I also meet such problem. on ARM64 platform I also can't restore the task bt; crash> help -m ... [ cut ] ... panic_task_regs: 0 ... but actually I get restore the pc, sp ptr from kmsg print or other way, is there any way to set the x0~x31 and PC, SP ptr by hand? and then the bt can work fine?

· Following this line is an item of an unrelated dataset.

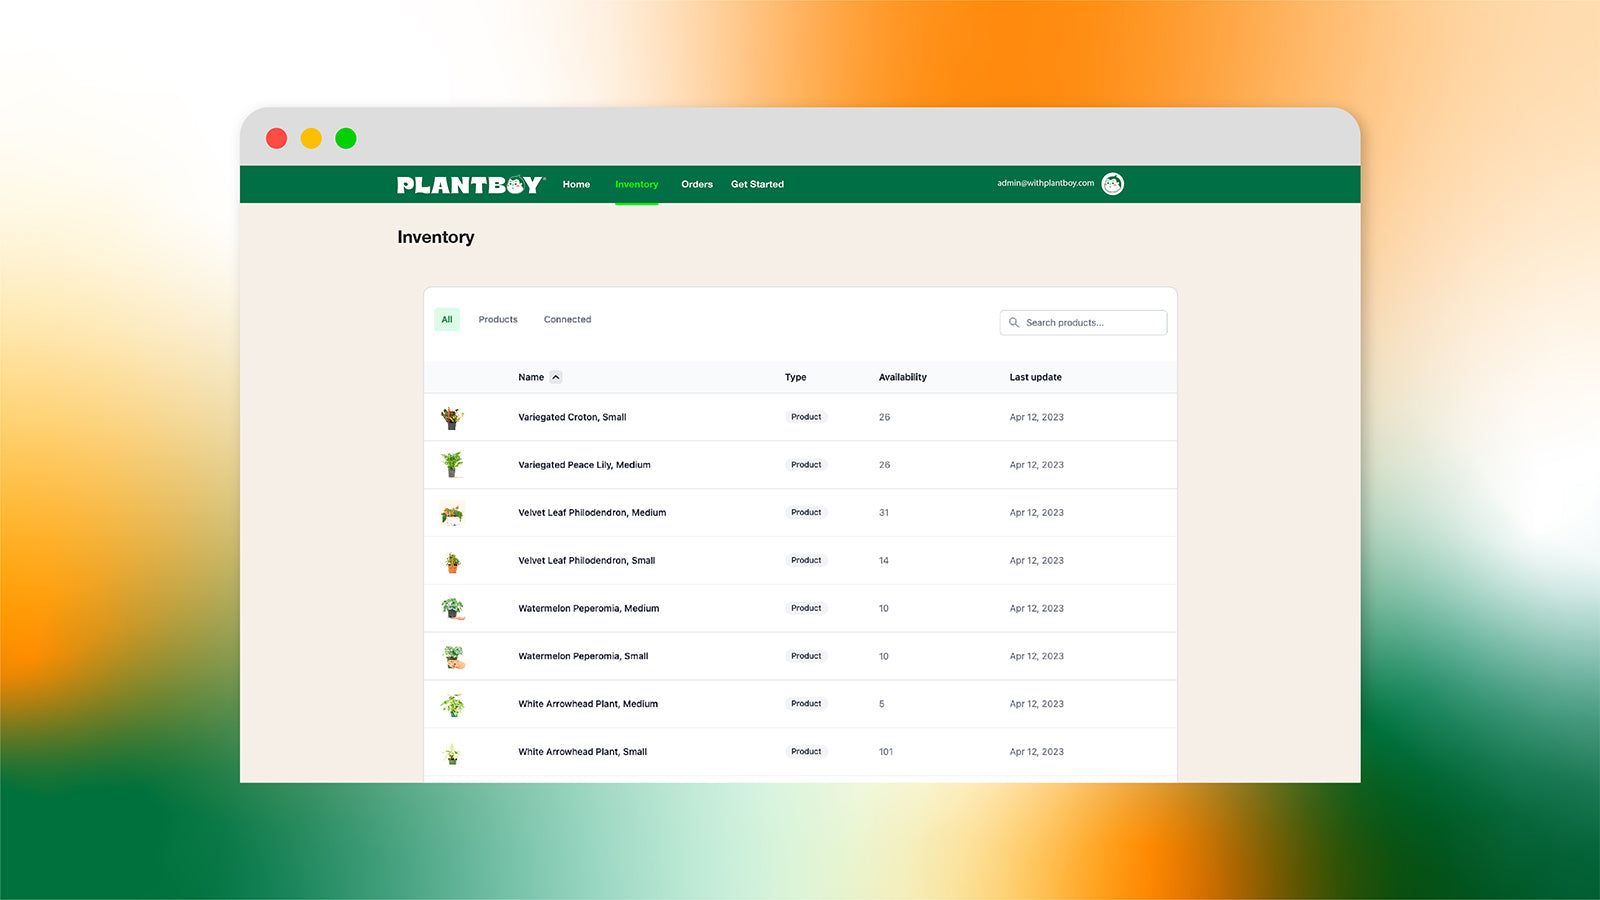 Screenshot of the inventory page in the Plantboy application

-- You are receiving this because you commented. Reply to this email directly or view it on GitHub: https://github.com/crash-utility/crash/issues/22#issuecomment-485438315

You can try using the bt command's "-I -S " options and try to make it work. The two options are designed for the x86_86 architecture, but it's worth a try. For example, take the pc and sp arguments from the log:

[ 744.483512] pc : machine_kexec+0x58/0x3e8 [ 744.531499] lr : machine_kexec+0x58/0x3e8 [ 744.579486] sp : ffff000011b4f6a0

and then try "bt -I machine_kexec+0x58" -S ffff000011b4f6a0". If that doesn't work, try adding or subtracting 8 from the stack address.

Dave

crash-utility avatar Apr 23 '19 13:04 crash-utility

in arm64,the crash tool check pstate

slowpy avatar Jul 09 '20 02:07 slowpy

I also meet such problem. on ARM64 platform I also can't restore the task bt; crash> help -m ... [ cut ] ... panic_task_regs: 0 ... but actually I get restore the pc, sp ptr from kmsg print or other way, is there any way to set the x0~x31 and PC, SP ptr by hand? and then the bt can work fine?

hi

i already debug the function, seems no crash_notes symbol, did you side fix the issue?

Thx.

taigerhu avatar Oct 28 '20 08:10 taigerhu

Hi guys,

I was able to get the bt(still with one error message) by adding/subtracting(yes, both worked) 8 from sp on arm64. The printed register values are not correct though.

image

P.S: help -D and help -m output is attached. help_D.txt help_m.txt

praton1729 avatar Aug 13 '21 09:08 praton1729

Hi guys, I also meet such problem. on ARM64 platform. Adding/subtracting 8 from sp is does not work yet.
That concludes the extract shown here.